Saturday, 4 July 2009

The bungy jump...

Well from the moment I booked it, I had the greatest fear of doing it. Think about, the human boby is programmed from birth to fear 2 things, loud noise and heights. So knowing that i was about to jump of a bridge that was over 125 feet tall with nothing more than a large amount of elastic bands tied to my feet was going against human instinct for survival. Tom on the other hand didn't seem that bothered. The fear i felt was at least a 100 times greater than the skydive over Las Vegas. The biggest fear factor is perspective. 15,000 feet is a number, looking down at a person in a small dingy makes you know exactly how high it is.
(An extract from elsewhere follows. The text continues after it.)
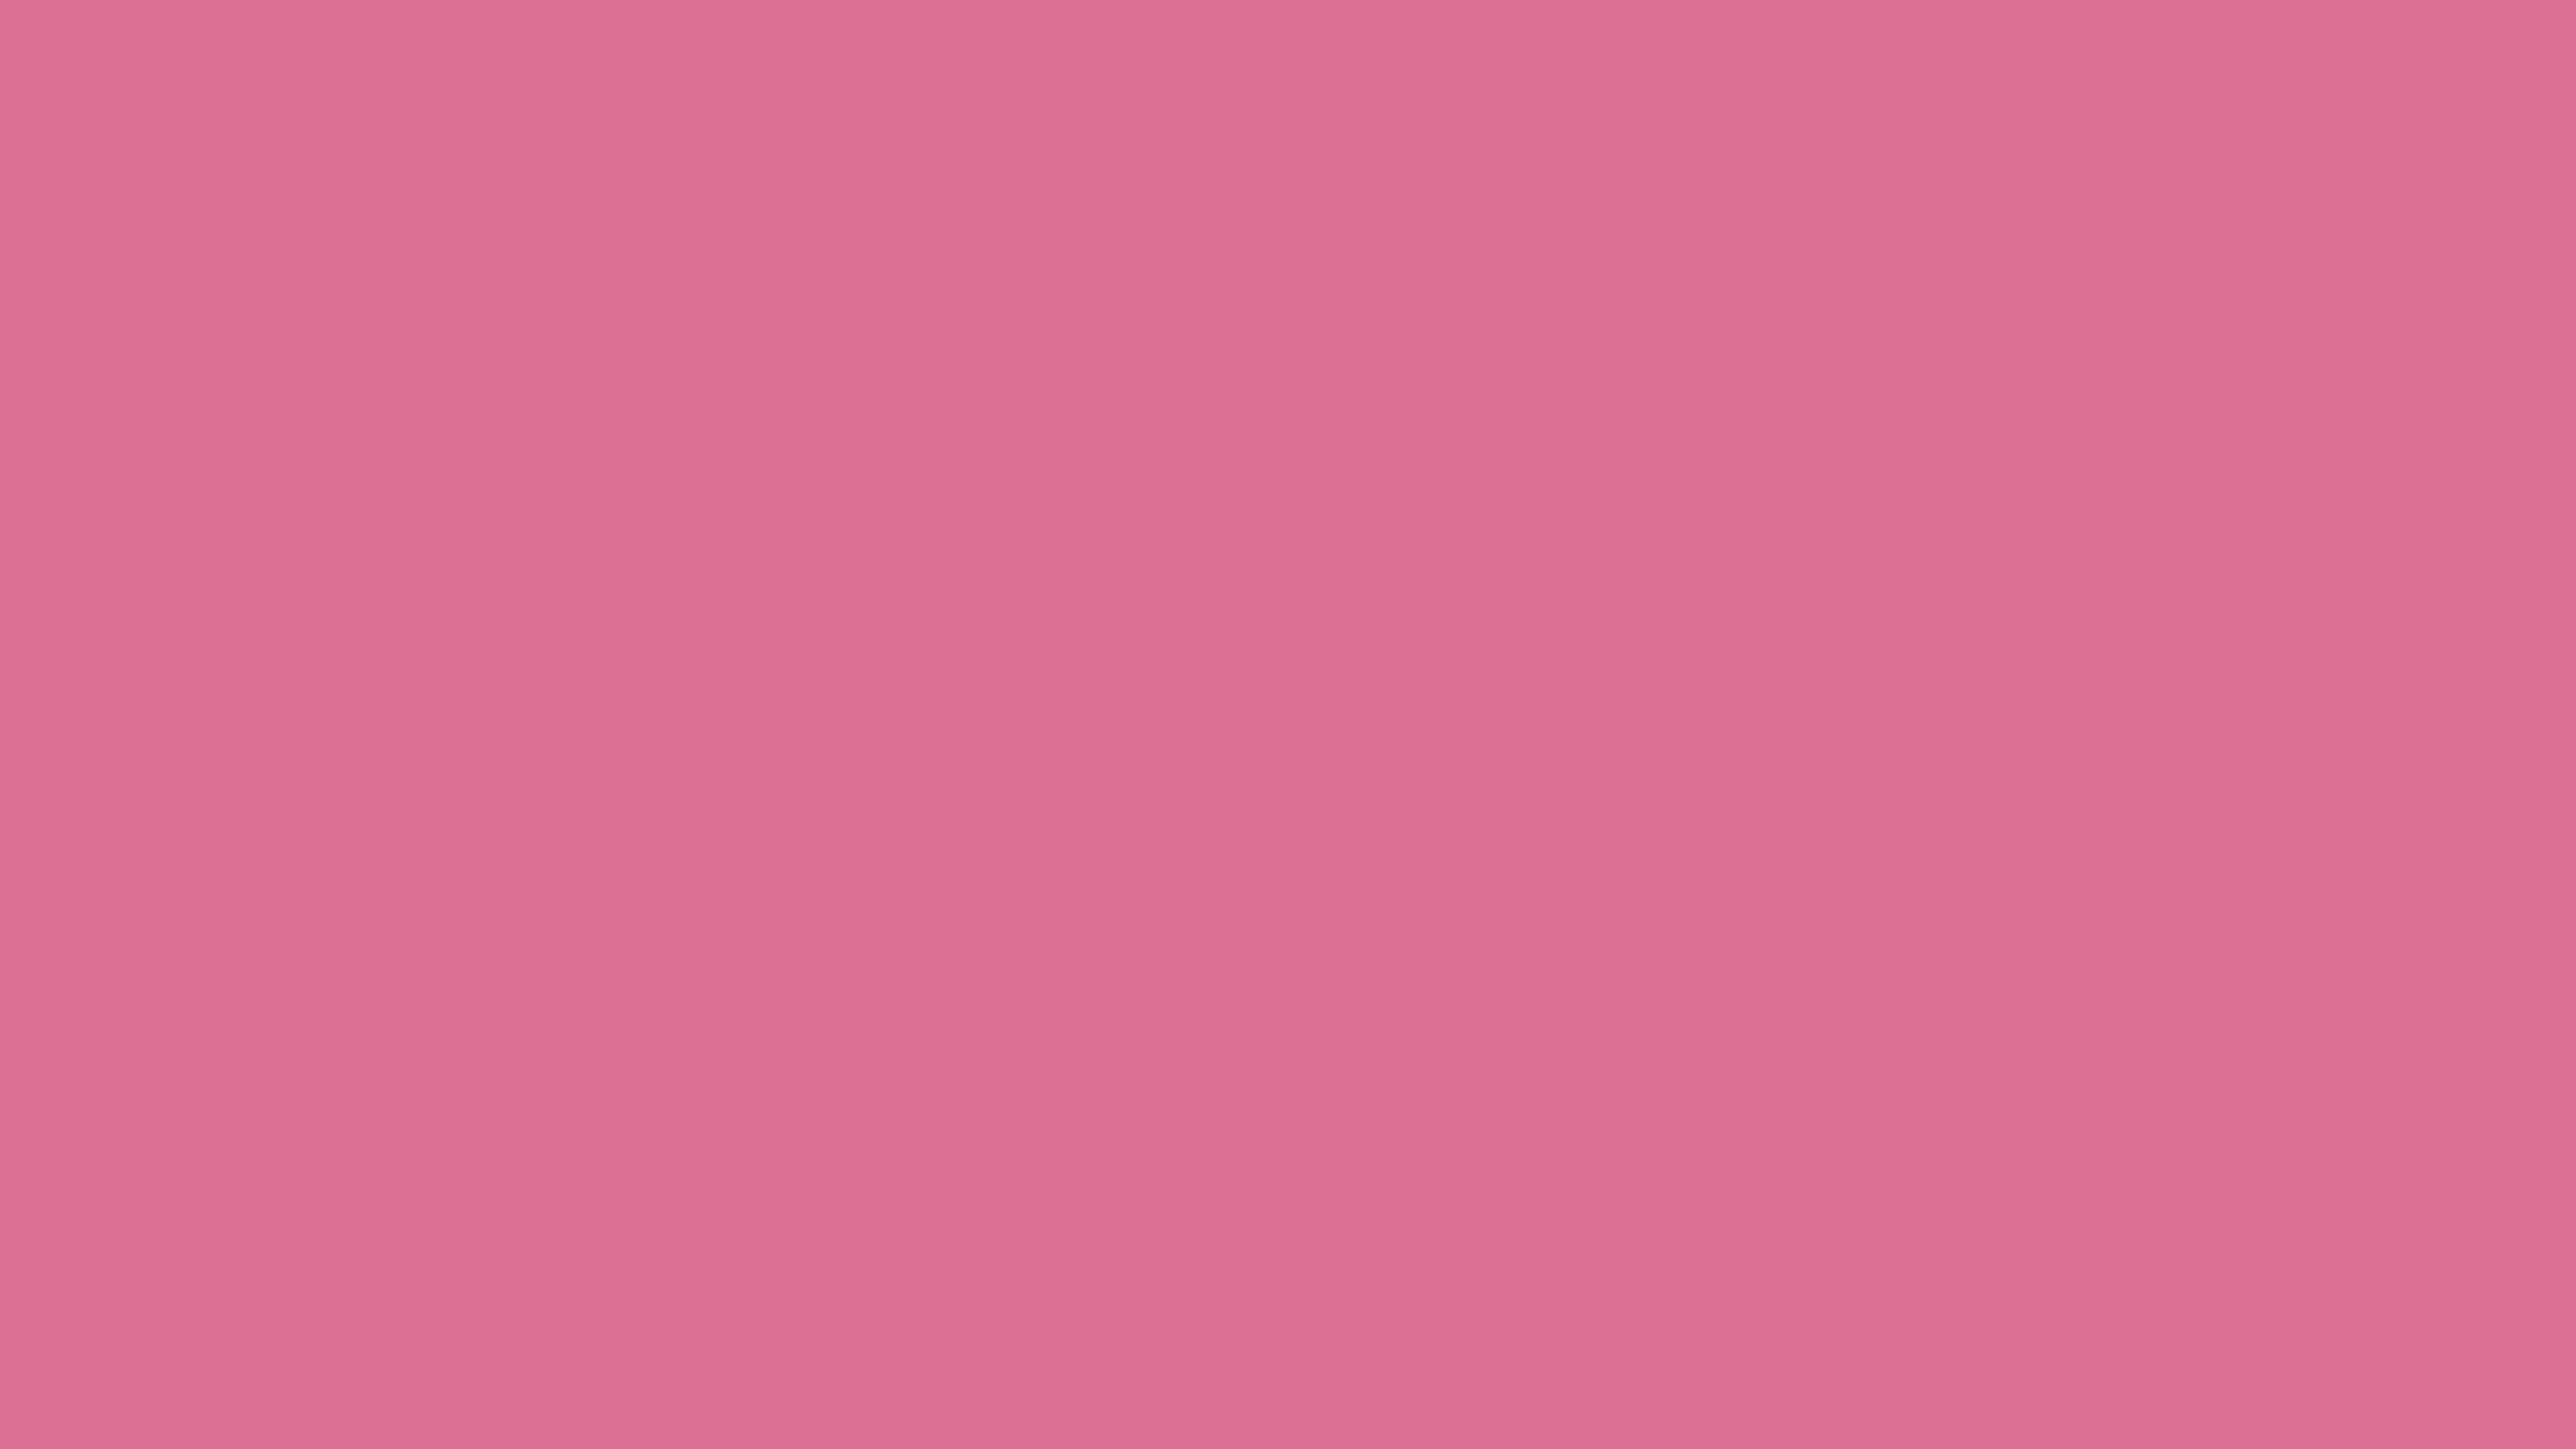 4096x2304 Pale Violet-red Solid Color Background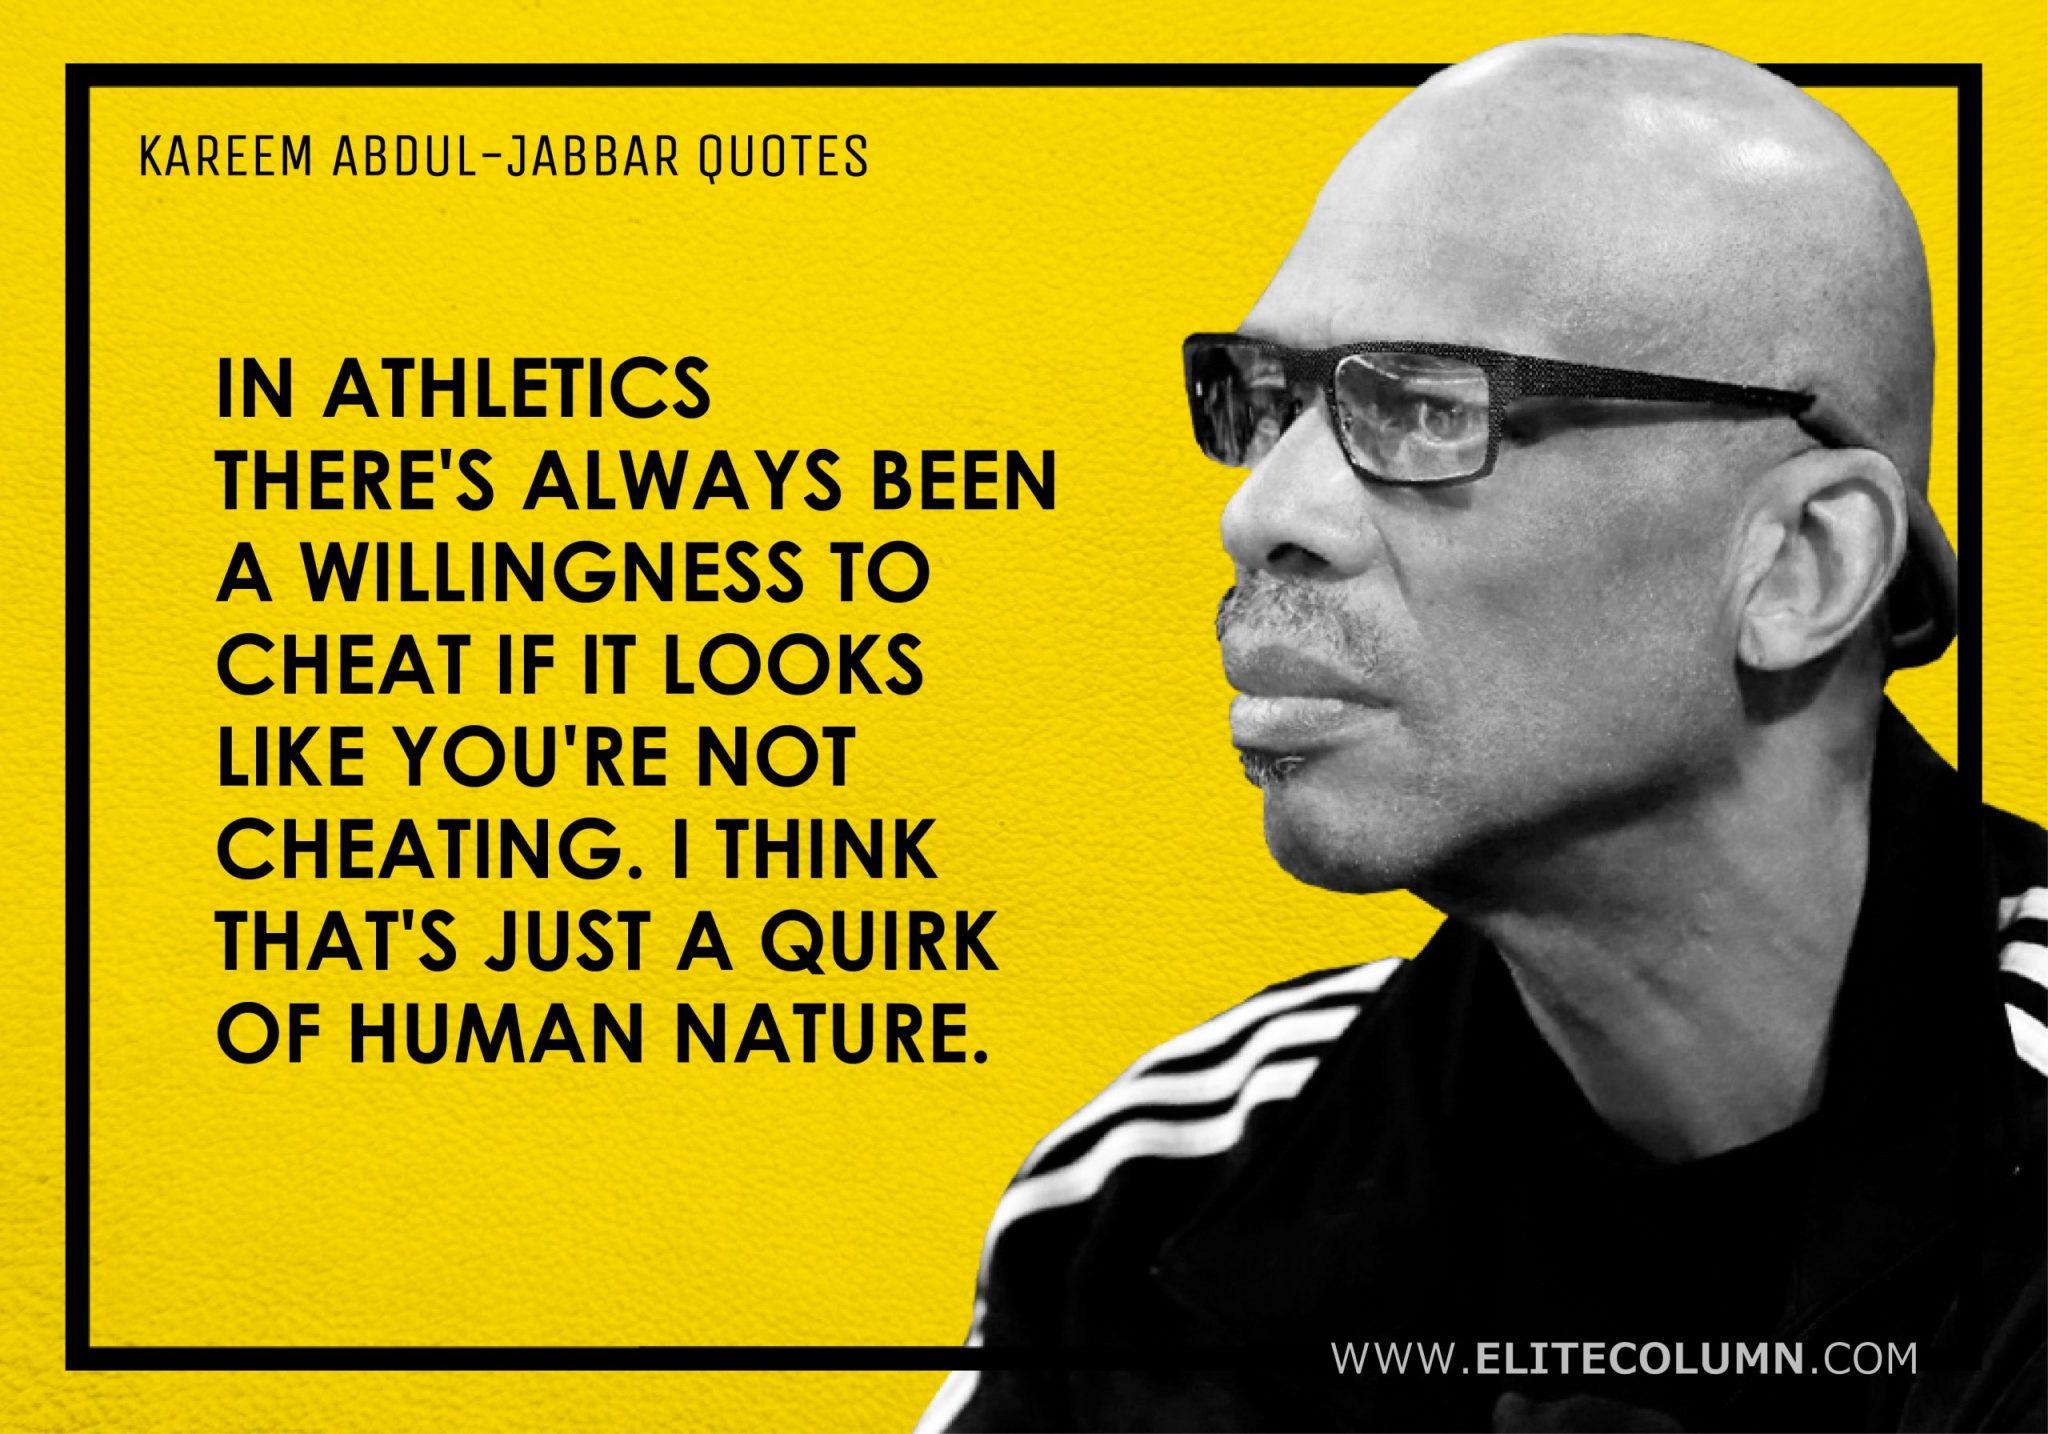 Kareem Abdul-Jabbar Quotes (6)

When Tom did his first jump I was trying to take photos but i was shaking like a leaf. He loved it. When it was my turn i was so scared. Tom's second jump he turned his back to the drop and lent out. The Welsh man working on the bungy was holding onto Toms waist harness to stop him going, started talking to Tom, winding him up of course, and said "oh one la" (meant to be "oh, one last thing") and let him go. The guy didn't even finish his sentence. When it was my second jump, they welsh guy was abusing me about not wanting to go backwards, "Better role your selves up James, your going to hit the water." Then to make things worse he starts the countdown to me jumping 5-4-3-2-4-3-2-5-4-5-4-3-4, after about 30 seconds he said 5-4-3-2-1 jump. So i did, well sort of stepped off. It's so much fun. If i can work out how to upload the video of me jumping I'll get it on here for you all to have a good laugh at my expenses. I would definitely recommend doing it, but only once, you really don't need to go through with it that many times, i can't imagine it getting any easier the more times you do it.